What the task requires
Transcribe the listing in full, excluding any pictures.

The data
================================

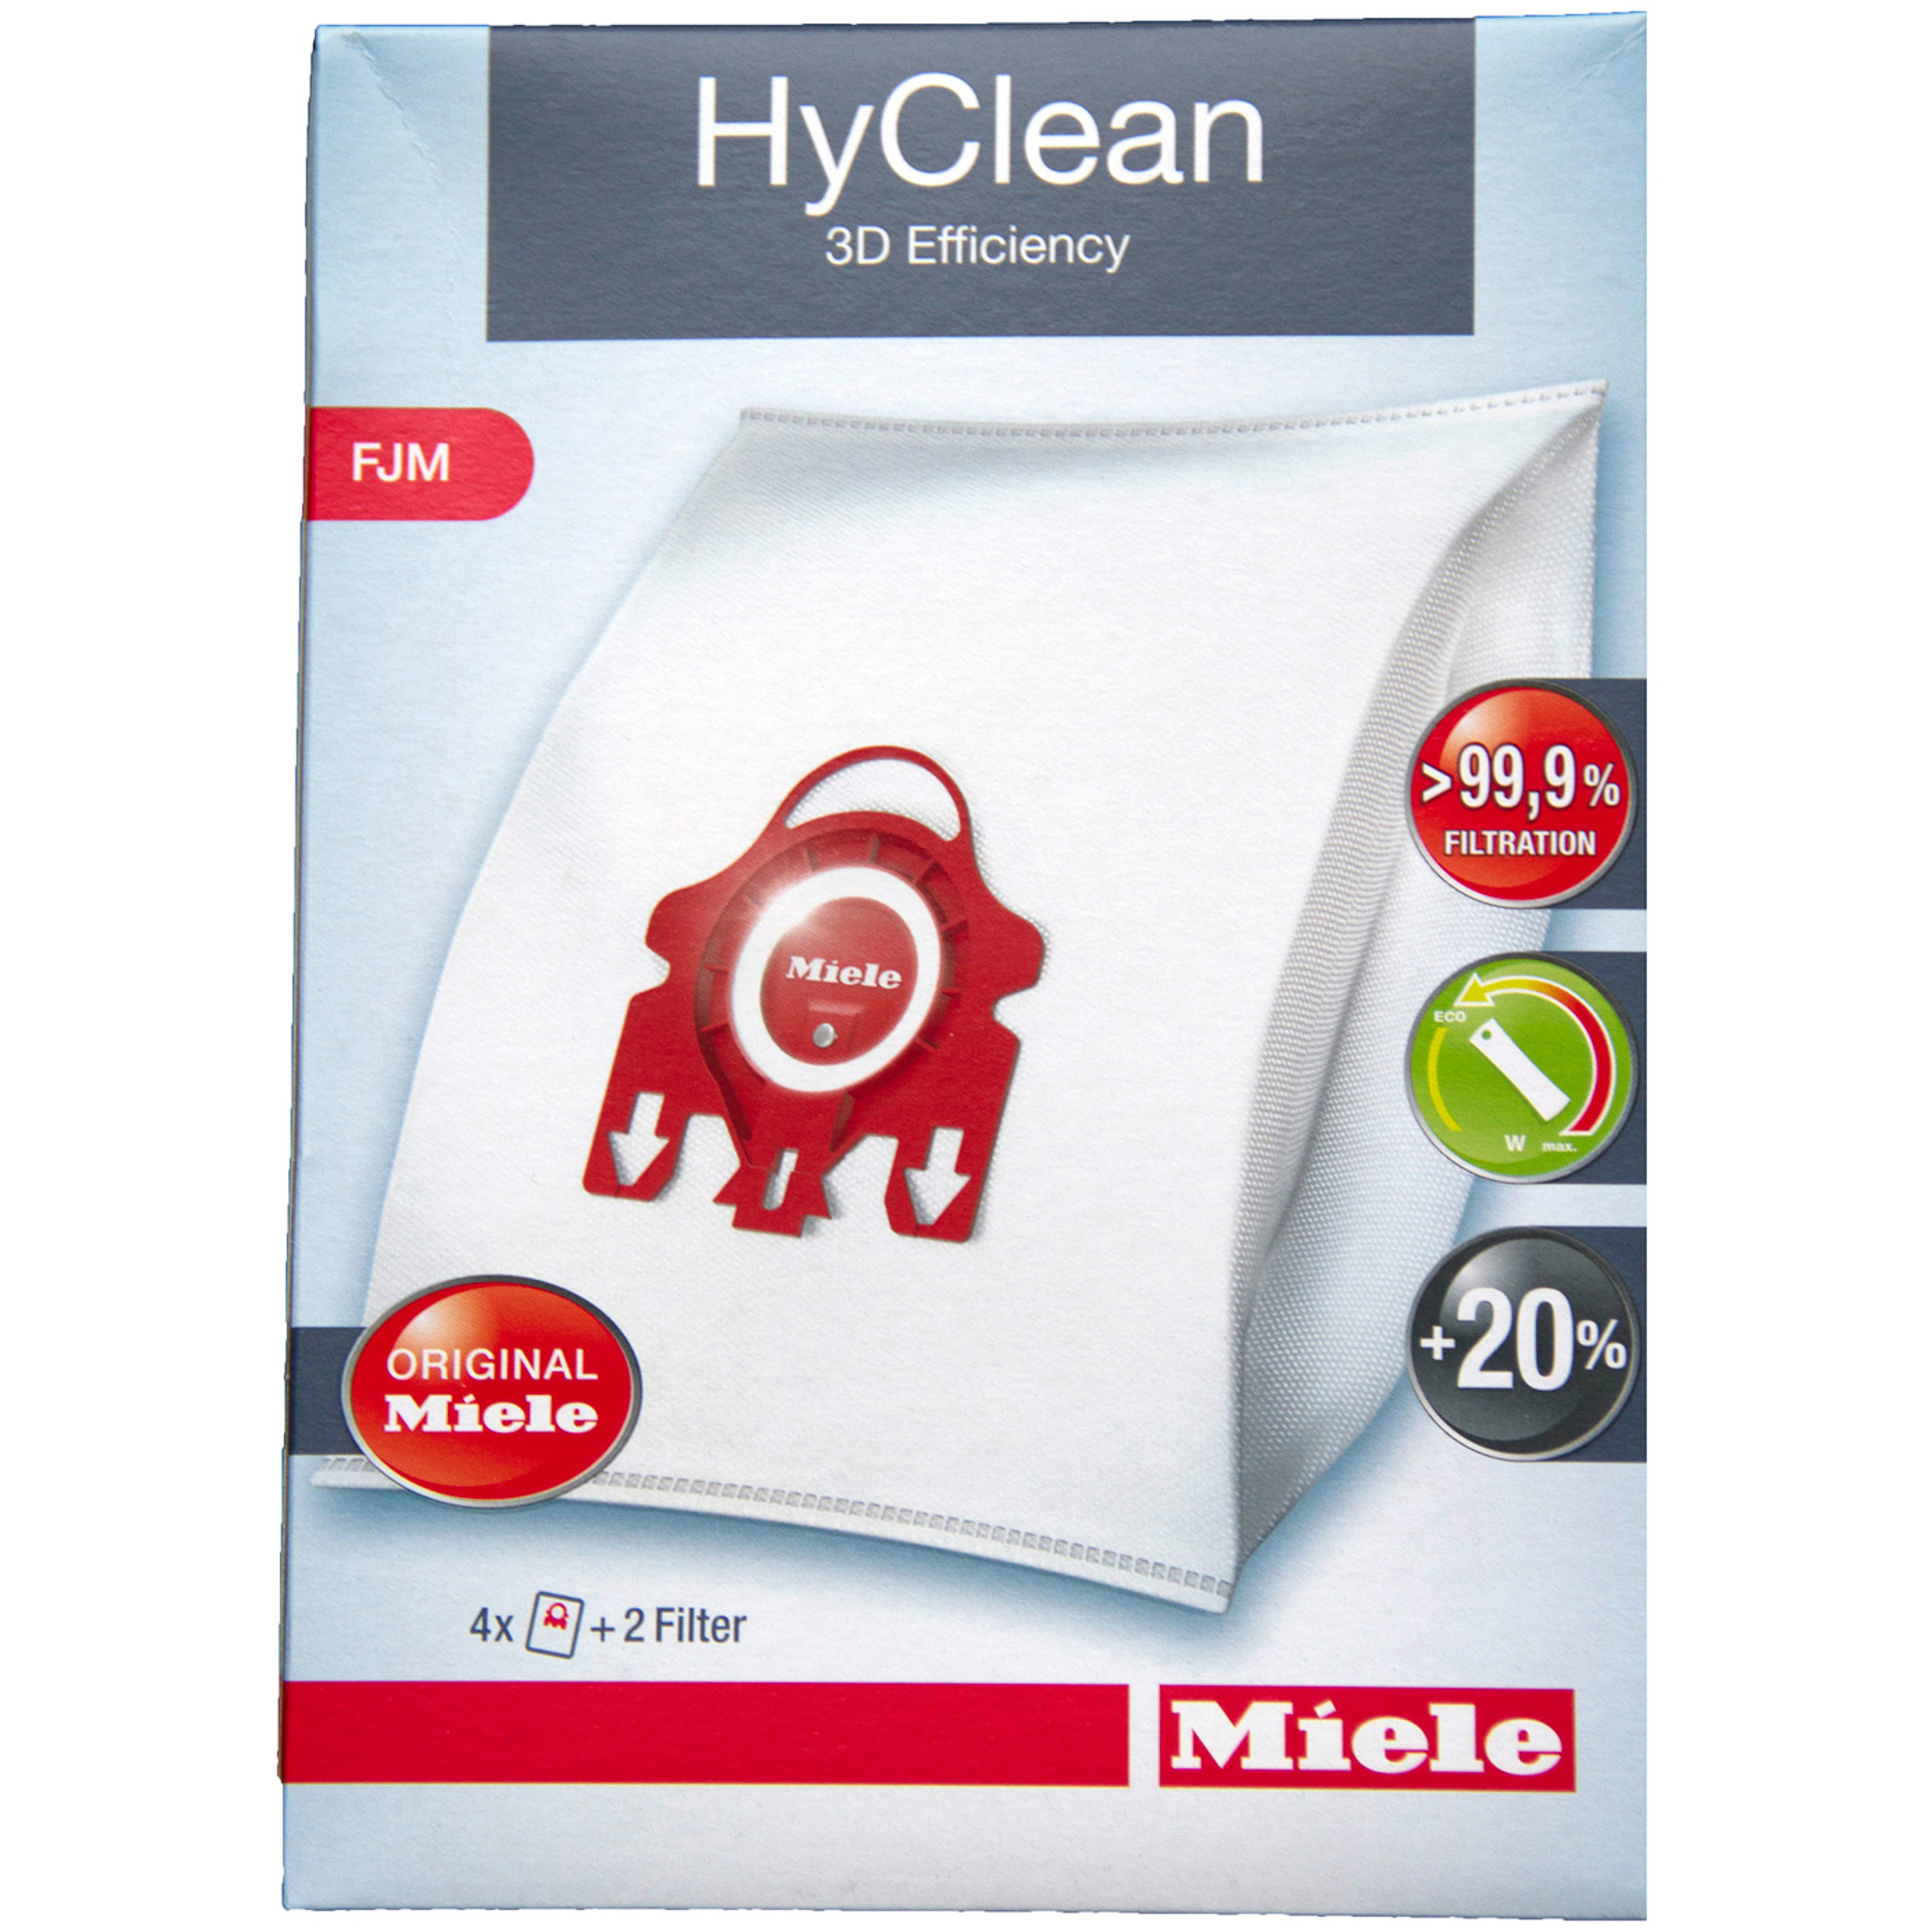 Пылесборник Miele FJM HyClean 3D Efficiency аксессуар miele пылесбор мешок xxl pack gn hyclean 3d
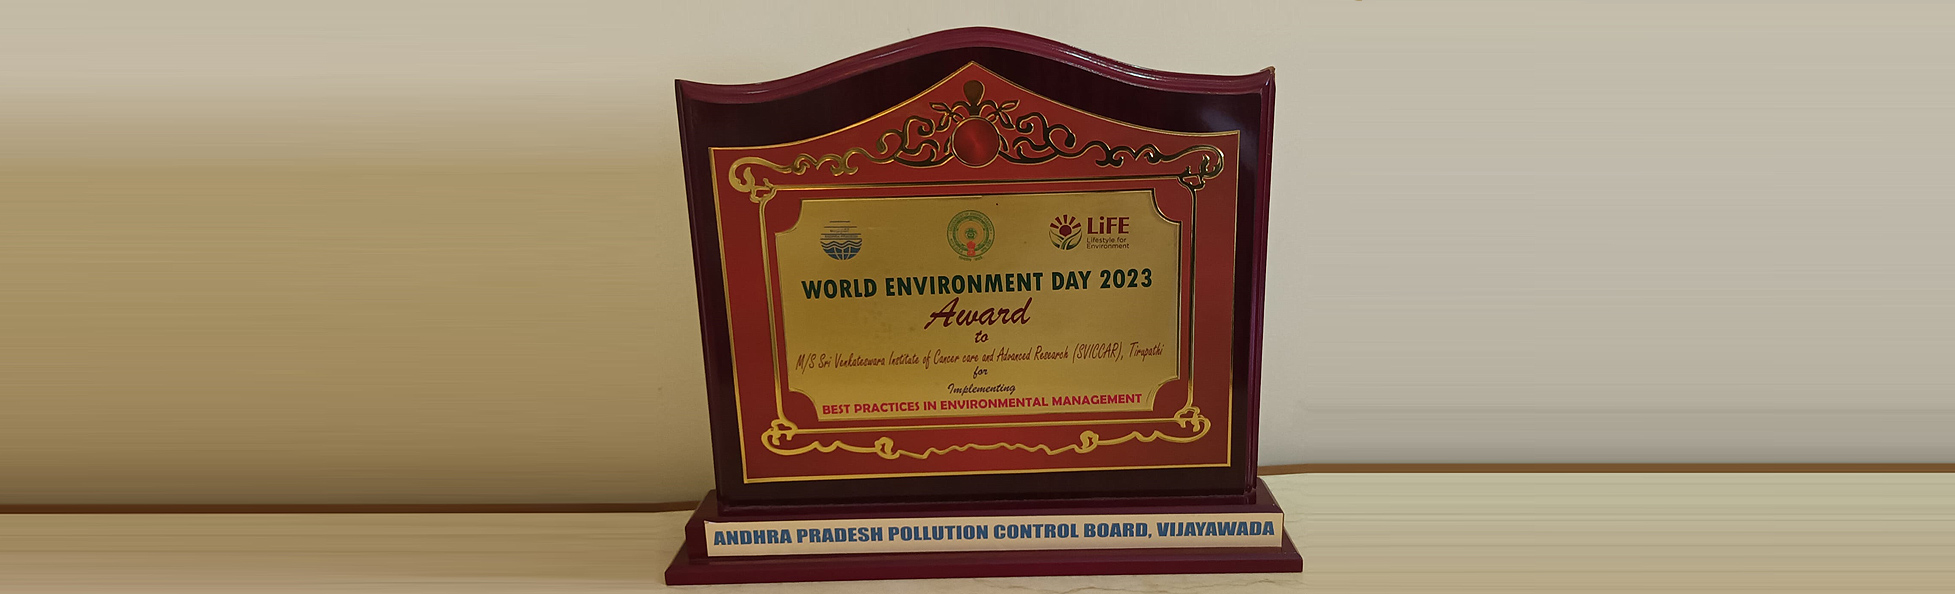 SVICCAR awarded for environment conservation work
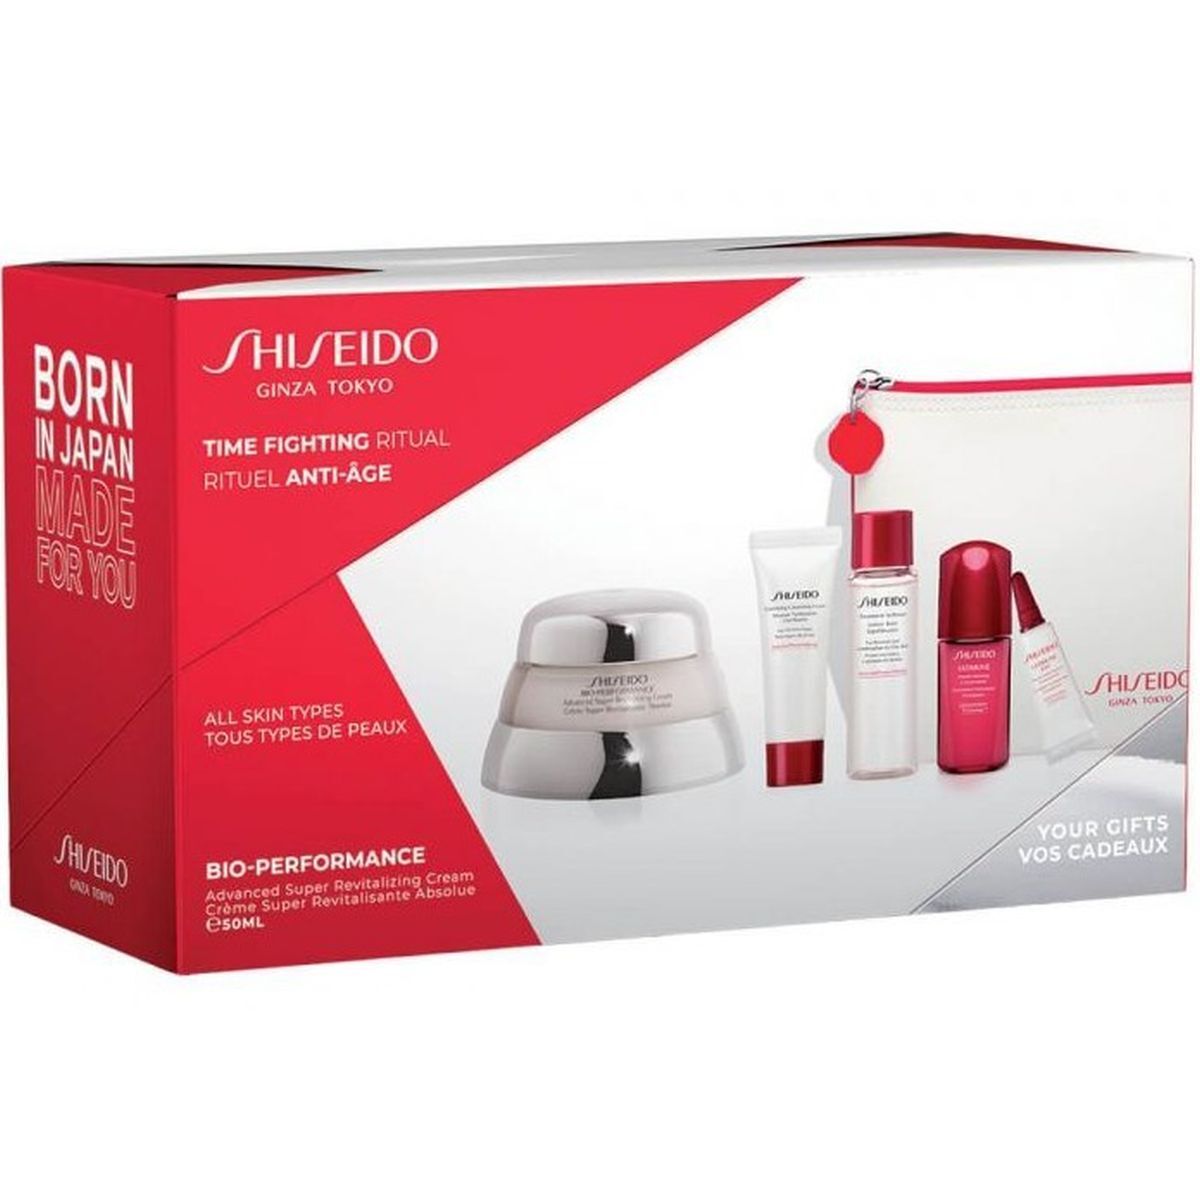 Shiseido - Bio Performance Advanced Super Revitaizing Creme 50 ml. Cofanetto
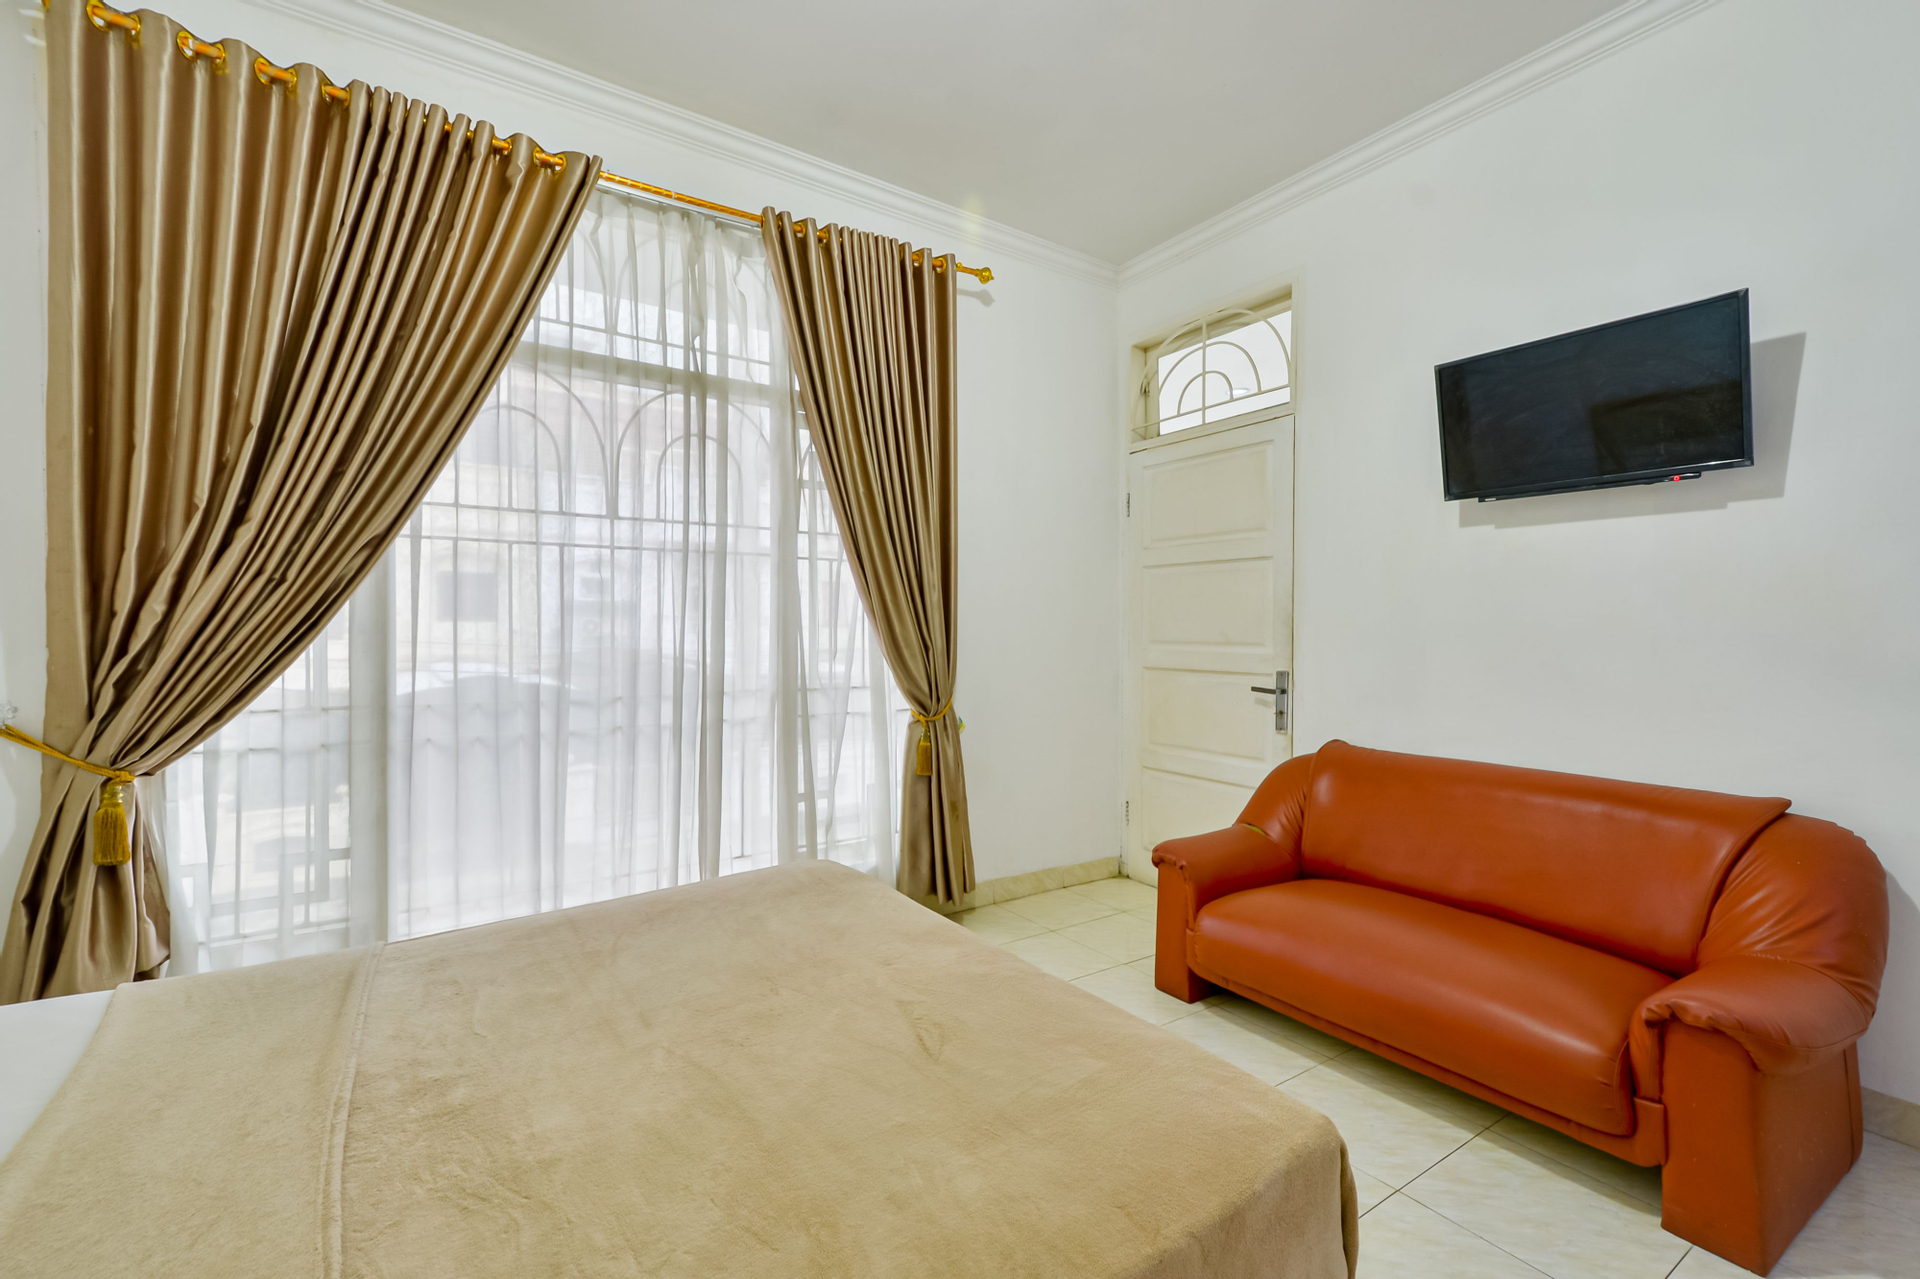 Bedroom 4, New Residence Mojopahit, Medan

================================

Answer to this exercise
 Пылесборник Miele FJM HyClean 3D Efficiency аксессуар miele пылесбор мешок xxl pack gn hyclean 3d
 SVICCAR awarded for environment conservation work
 Shiseido - Bio Performance Advanced Super Revitaizing Creme 50 ml. Cofanetto
 Bedroom 4, New Residence Mojopahit, Medan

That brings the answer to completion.